■ ACTION ITEM ■
Only the lines below from the one containing "Auktionen Versteigerungen 1977" to the one containing "3x Eiskugelform Silikon" should be repeated, both included and unchanged.

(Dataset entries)
****

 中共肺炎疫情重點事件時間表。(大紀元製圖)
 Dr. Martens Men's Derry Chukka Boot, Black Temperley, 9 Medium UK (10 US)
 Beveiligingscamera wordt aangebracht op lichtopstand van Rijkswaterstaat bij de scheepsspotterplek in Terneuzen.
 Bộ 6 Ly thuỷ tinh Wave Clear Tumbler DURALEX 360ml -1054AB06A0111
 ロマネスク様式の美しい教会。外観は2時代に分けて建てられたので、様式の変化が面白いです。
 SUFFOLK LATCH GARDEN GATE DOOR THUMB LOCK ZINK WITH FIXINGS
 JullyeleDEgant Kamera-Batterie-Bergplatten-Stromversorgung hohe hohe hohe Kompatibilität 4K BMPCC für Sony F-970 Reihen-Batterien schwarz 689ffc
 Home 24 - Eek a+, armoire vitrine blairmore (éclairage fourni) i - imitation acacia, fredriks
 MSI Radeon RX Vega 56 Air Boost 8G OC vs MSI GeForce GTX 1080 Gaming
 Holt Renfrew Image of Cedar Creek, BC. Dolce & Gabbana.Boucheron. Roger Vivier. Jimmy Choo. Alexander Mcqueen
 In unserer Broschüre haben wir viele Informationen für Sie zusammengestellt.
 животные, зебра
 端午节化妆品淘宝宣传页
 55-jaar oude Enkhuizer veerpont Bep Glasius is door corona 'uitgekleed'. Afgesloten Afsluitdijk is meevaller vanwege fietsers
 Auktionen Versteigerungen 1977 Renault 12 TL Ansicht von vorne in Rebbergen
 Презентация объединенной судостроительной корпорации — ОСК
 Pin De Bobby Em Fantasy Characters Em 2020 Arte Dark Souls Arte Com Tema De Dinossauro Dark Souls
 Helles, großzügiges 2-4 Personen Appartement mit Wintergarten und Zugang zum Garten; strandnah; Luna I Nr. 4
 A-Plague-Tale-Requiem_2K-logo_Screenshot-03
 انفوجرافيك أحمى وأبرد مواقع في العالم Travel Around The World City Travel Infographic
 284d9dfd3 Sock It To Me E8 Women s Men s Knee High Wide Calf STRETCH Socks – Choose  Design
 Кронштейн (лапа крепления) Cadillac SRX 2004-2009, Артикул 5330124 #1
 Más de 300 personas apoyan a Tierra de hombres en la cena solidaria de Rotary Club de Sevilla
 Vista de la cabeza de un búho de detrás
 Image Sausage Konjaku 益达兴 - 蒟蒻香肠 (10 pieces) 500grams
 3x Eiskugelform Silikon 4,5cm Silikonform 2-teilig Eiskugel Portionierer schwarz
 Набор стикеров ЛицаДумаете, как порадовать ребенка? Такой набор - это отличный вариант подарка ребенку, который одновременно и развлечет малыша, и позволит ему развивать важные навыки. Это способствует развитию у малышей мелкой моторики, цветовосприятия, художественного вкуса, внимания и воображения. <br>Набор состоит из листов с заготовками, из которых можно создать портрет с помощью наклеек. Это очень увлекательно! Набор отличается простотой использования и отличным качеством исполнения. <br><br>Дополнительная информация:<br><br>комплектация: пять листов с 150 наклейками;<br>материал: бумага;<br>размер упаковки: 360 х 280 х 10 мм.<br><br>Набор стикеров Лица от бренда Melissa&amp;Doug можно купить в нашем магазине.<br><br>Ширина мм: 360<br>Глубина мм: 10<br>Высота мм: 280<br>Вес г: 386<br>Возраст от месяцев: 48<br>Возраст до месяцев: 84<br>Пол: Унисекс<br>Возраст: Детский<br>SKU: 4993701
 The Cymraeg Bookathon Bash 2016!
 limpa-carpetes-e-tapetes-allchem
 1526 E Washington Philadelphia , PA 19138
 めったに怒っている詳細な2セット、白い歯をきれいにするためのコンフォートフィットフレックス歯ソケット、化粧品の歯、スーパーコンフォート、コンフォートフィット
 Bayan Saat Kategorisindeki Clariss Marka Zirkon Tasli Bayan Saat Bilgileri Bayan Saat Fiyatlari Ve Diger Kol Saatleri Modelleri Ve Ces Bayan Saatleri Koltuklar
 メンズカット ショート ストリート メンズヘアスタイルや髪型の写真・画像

****

■ TASK ANSWER ■
 Auktionen Versteigerungen 1977 Renault 12 TL Ansicht von vorne in Rebbergen
 Презентация объединенной судостроительной корпорации — ОСК
 Pin De Bobby Em Fantasy Characters Em 2020 Arte Dark Souls Arte Com Tema De Dinossauro Dark Souls
 Helles, großzügiges 2-4 Personen Appartement mit Wintergarten und Zugang zum Garten; strandnah; Luna I Nr. 4
 A-Plague-Tale-Requiem_2K-logo_Screenshot-03
 انفوجرافيك أحمى وأبرد مواقع في العالم Travel Around The World City Travel Infographic
 284d9dfd3 Sock It To Me E8 Women s Men s Knee High Wide Calf STRETCH Socks – Choose  Design
 Кронштейн (лапа крепления) Cadillac SRX 2004-2009, Артикул 5330124 #1
 Más de 300 personas apoyan a Tierra de hombres en la cena solidaria de Rotary Club de Sevilla
 Vista de la cabeza de un búho de detrás
 Image Sausage Konjaku 益达兴 - 蒟蒻香肠 (10 pieces) 500grams
 3x Eiskugelform Silikon 4,5cm Silikonform 2-teilig Eiskugel Portionierer schwarz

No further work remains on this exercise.